Thursday Morning Part Two
Will you block consensus Palau?
I did not ask for the floor, he says. There is no point in us getting our voting rights restored without using them, but we will not stand in the way of consensus.
Russia: this will destroy us but we will join consensus in case this is taken by consensus. We are against the proposal as it is. We do not want to break consensus but we will vote.
Iceland we will not take part in consensus. We will contribute to no vote taking place.
St Kitts and Nevis associates with Iceland.
Cameroon this should be left open, we support Iceland.
The Chairman asks the proponents how to proceed. Brazil says that he empathises now with what Great Britain went through in the last few days. He can feel a taste of it, he adds. He feels strongly on this matter and so do the whole Buenos Aires Group. I do not agree if we put this to the vote it will destroy the IWC. Voting is not a bad thing.
Argentina agrees. They have tried to be amenable and she asks the opposing countries to reconsider. This has been on the agenda for ten years and has been voted for before with a majority supporting. We are dramatising this.
The Chair asks for any other comments.
Japan says he speaks for the countries supporting the sustainable use of whales and would like to explain what they propose if we go for the vote. May I take more than two minutes? [The Chair nods.] We understand the importance of the proposal in front of us. We have made similar proposals about small type coastal whaling in the past. Yesterday we had wonderful progress and this morning we passed a resolution by consensus. Let us keep the dialogue of consensus and trust going. One thing different is that we think voting will have a negative effect. We don’t like to take hostile action but we are thinking of breaking the quorum of this meeting. He says it twice. Quorum would be 50% of the 89 members. When the sustainable nations leave this will break the quorum .This is not hostile, he adds mildly. [There is some laughter.]
So again I like to avoid any surprise and misunderstanding, Jogi concludes.
The spokesman for Japan on the big screen.

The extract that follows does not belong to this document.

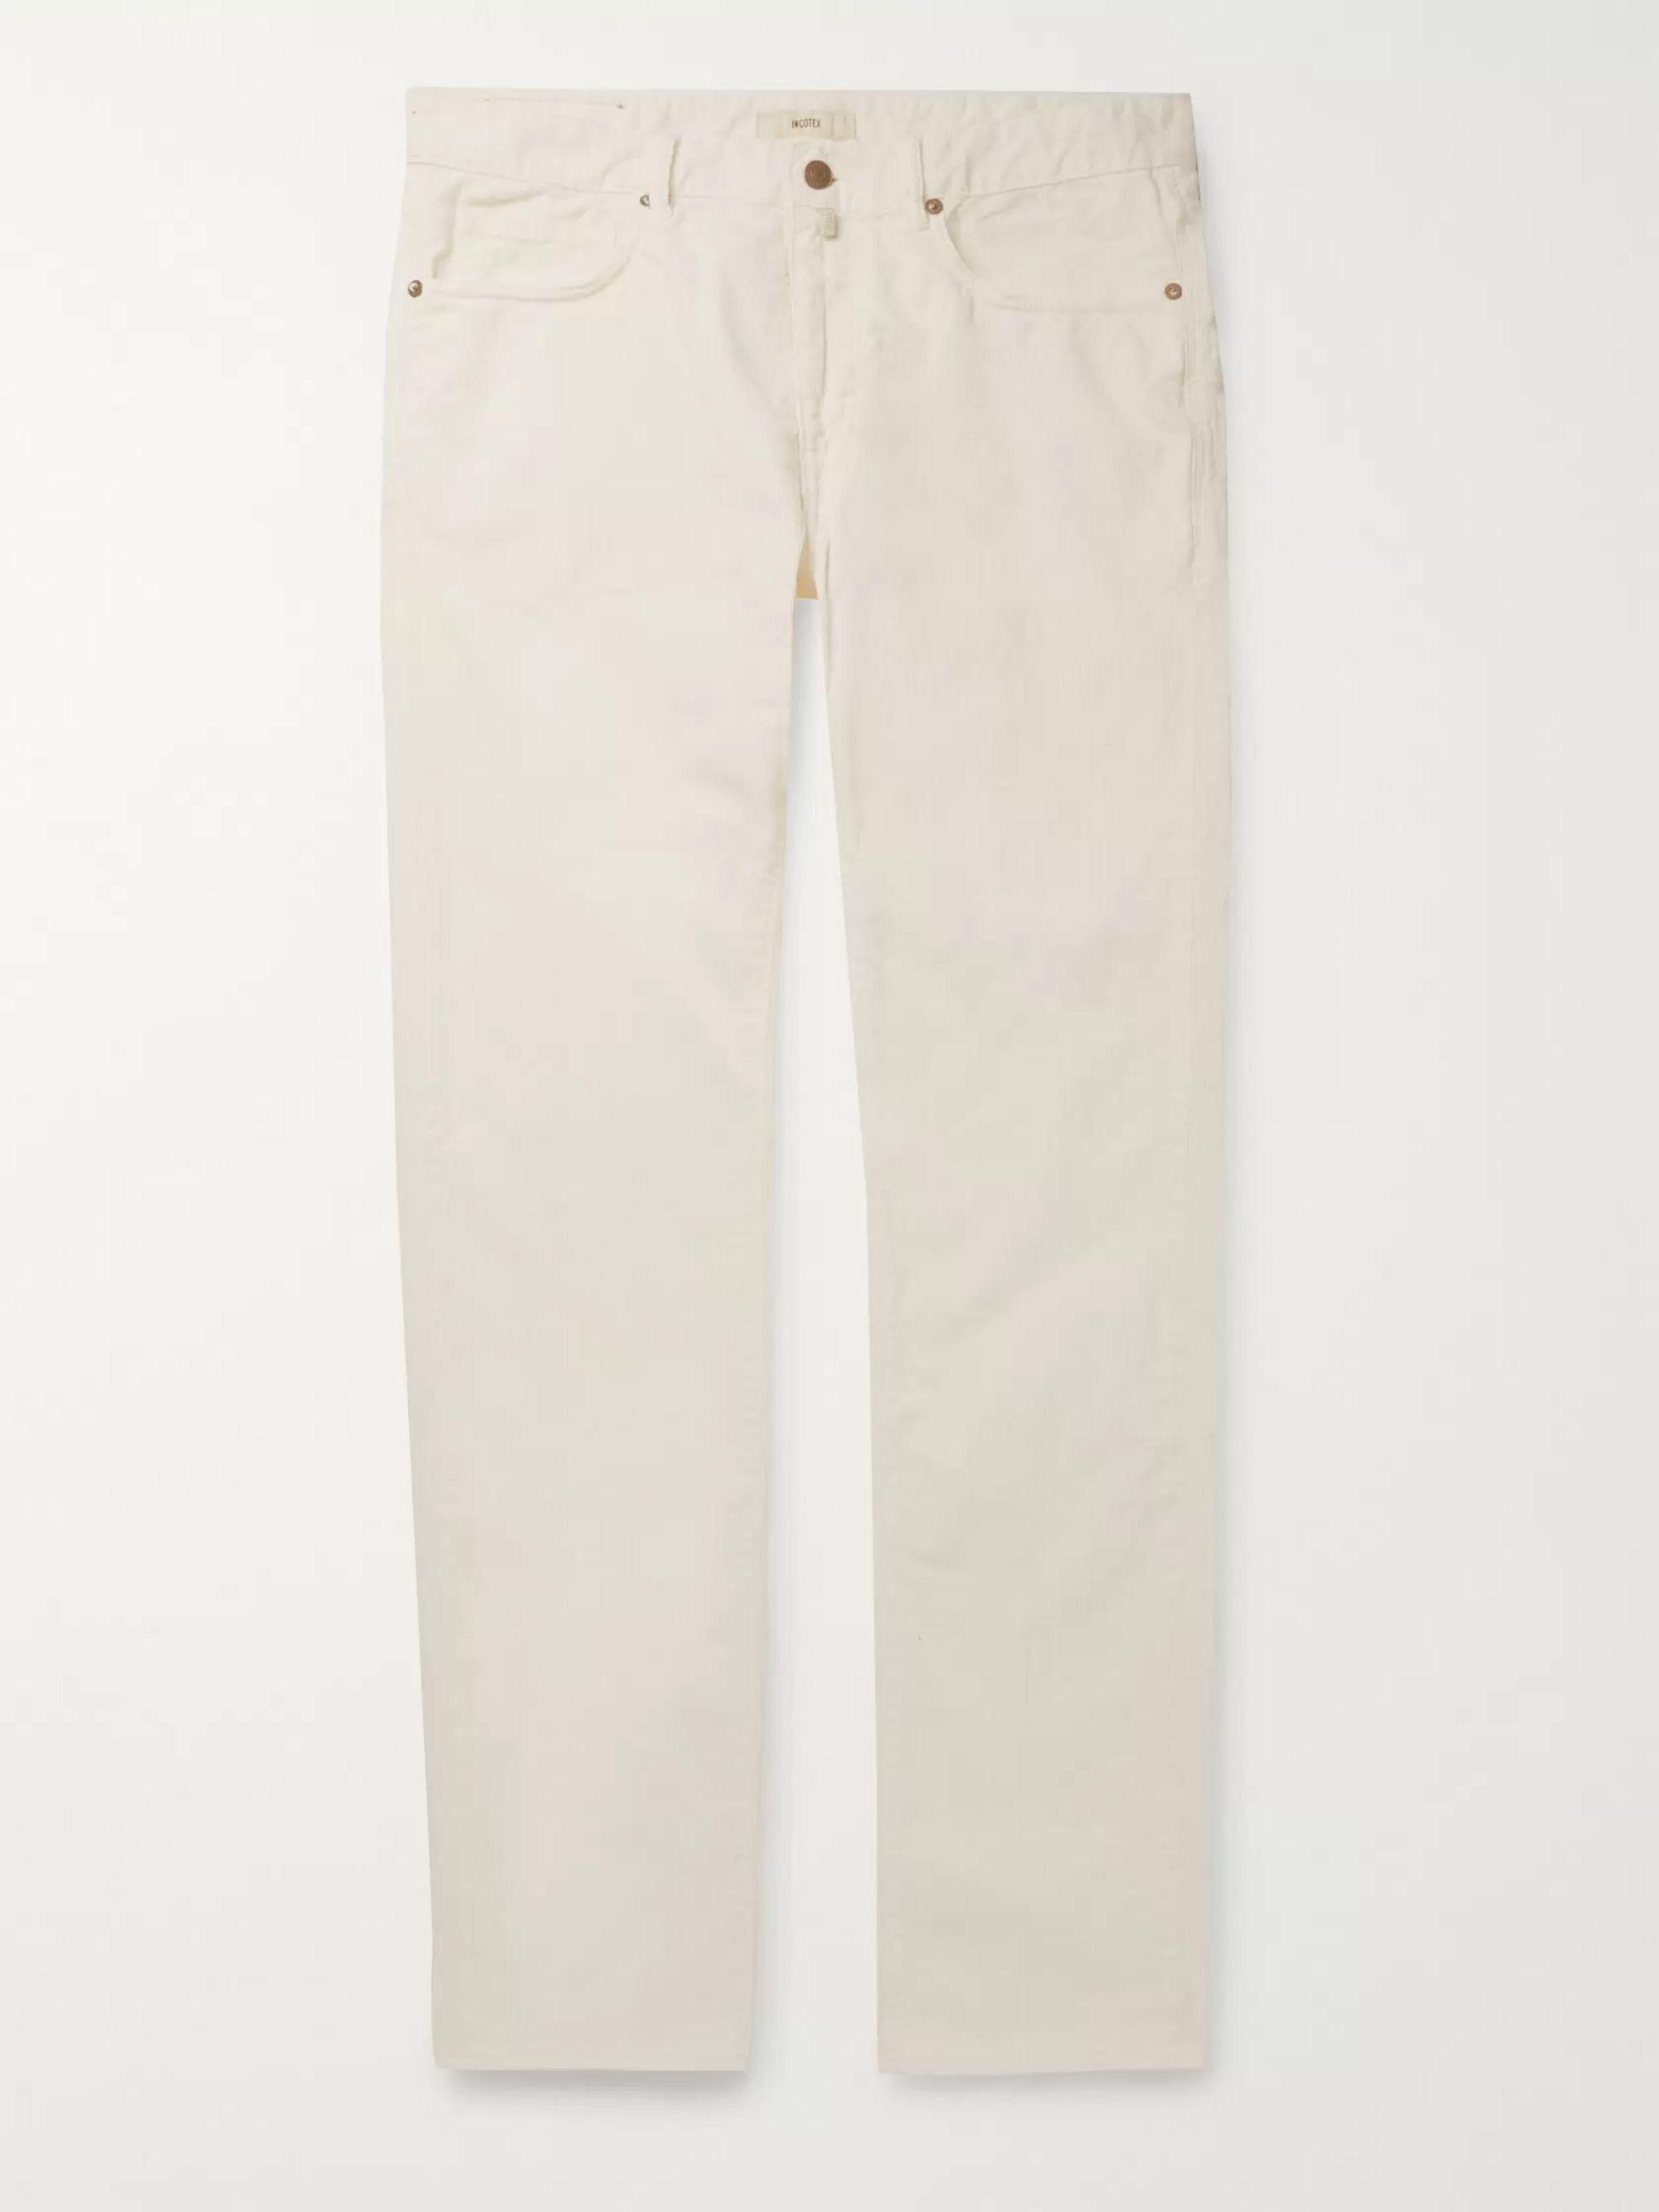 Slim Fit Cotton Blend Corduroy Trousers by Incotex
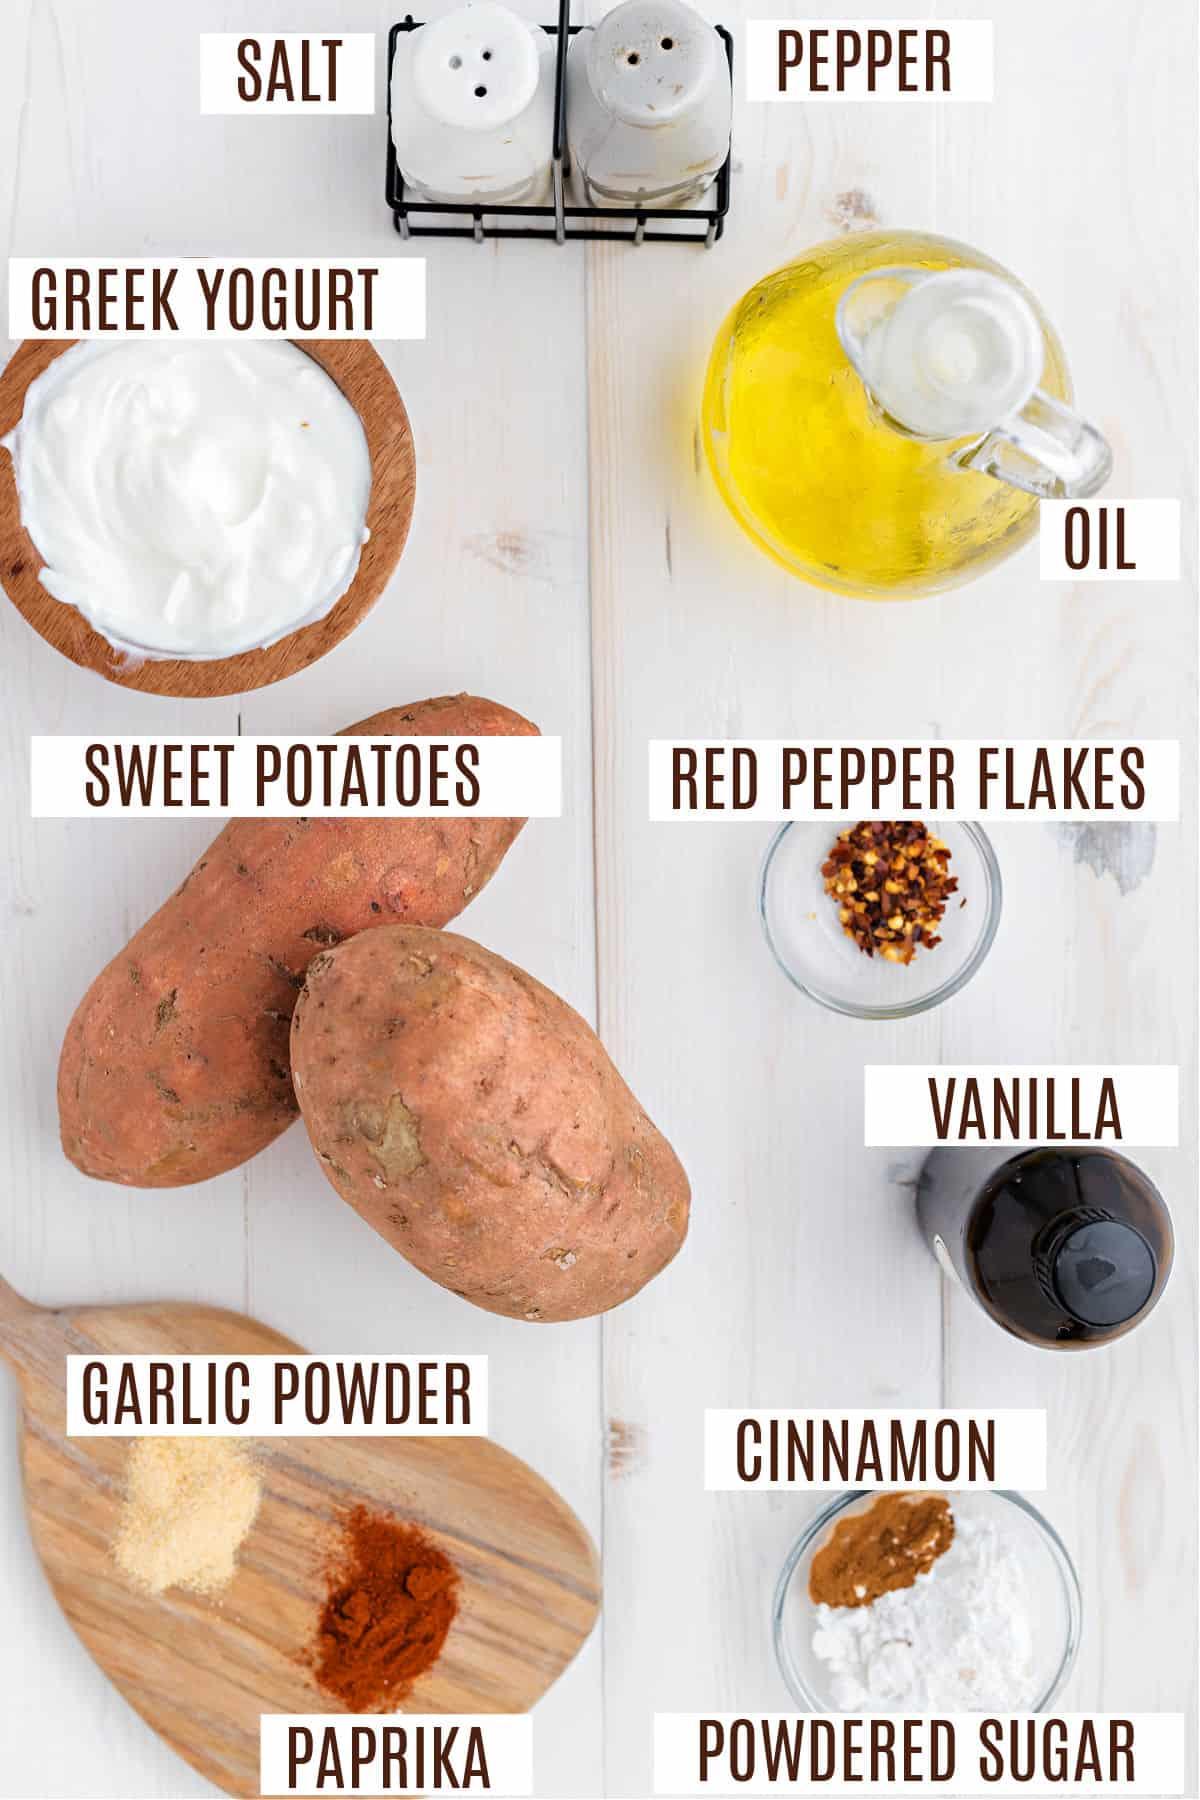 Ingredients needed to make homemade sweet potato fries.

Colombia: We also hope to avoid voting but we must not be afraid of voting. The Buenos Aires Group will not abandon. Today… this year… some time… we will have to decide on this matter. This will define whether this conference will end, because we cannot understand that you can go in and out depending on the topics that we discuss. If the group that support’s Japan’s idea does this, it would put an end to this particular meeting.
Another Latin delegate takes the floor and passionately comments on the ‘overwhelming majority’ in favour of the proposal. We want consensus. We want an area or zone as a sanctuary – a powerful attraction for research. This will help to fight poverty. Please understand this!... voting is a highly valid democratic method. If you leave during voting this would not be acceptable and would be a lack of transparency.
Mexico supports his friends in the BAG.
Monaco believes in democracy and he reminds everyone here that the right to vote was hard won in many countries; why should we be deprived of this.
We continue in similar vein for a while.
The Chair now calls on Brazil and Argentina.
Brazil says that we should vote.
Very many delegates now start to leave the room. The Norwegians, the Russians, the Caribbeans, Africans and Palau quietly leave.
We think that the last mass walk out was at the Anchorage meeting, but we cannot recall the message.
After a while, a private Commissioner’s meeting breaks out. Some hours later, Greg Donovan Head of Science takes to the stage to tell the remaining delegates (those not already at lunch, getting a haircut or shopping) that the Commissioners are still meeting. We wait and the clock ticks increasingly loudly. How many agenda items are still left? Fifteen.
Tick, tick, tick, tick.........
14.46 There is a Herman-alert.
The Chairman is briefly sighted in the public part of the meeting forum. The slowly mounts the stage.
He says, I don't know who invented lawyers but the procedural matters are complex and we will be at least another hour. He makes to leave.
A small NGO delegate rushed forward to award him a well-deserved biscuit.
Tick... tick... tick....some delegates are seen to be leaving already.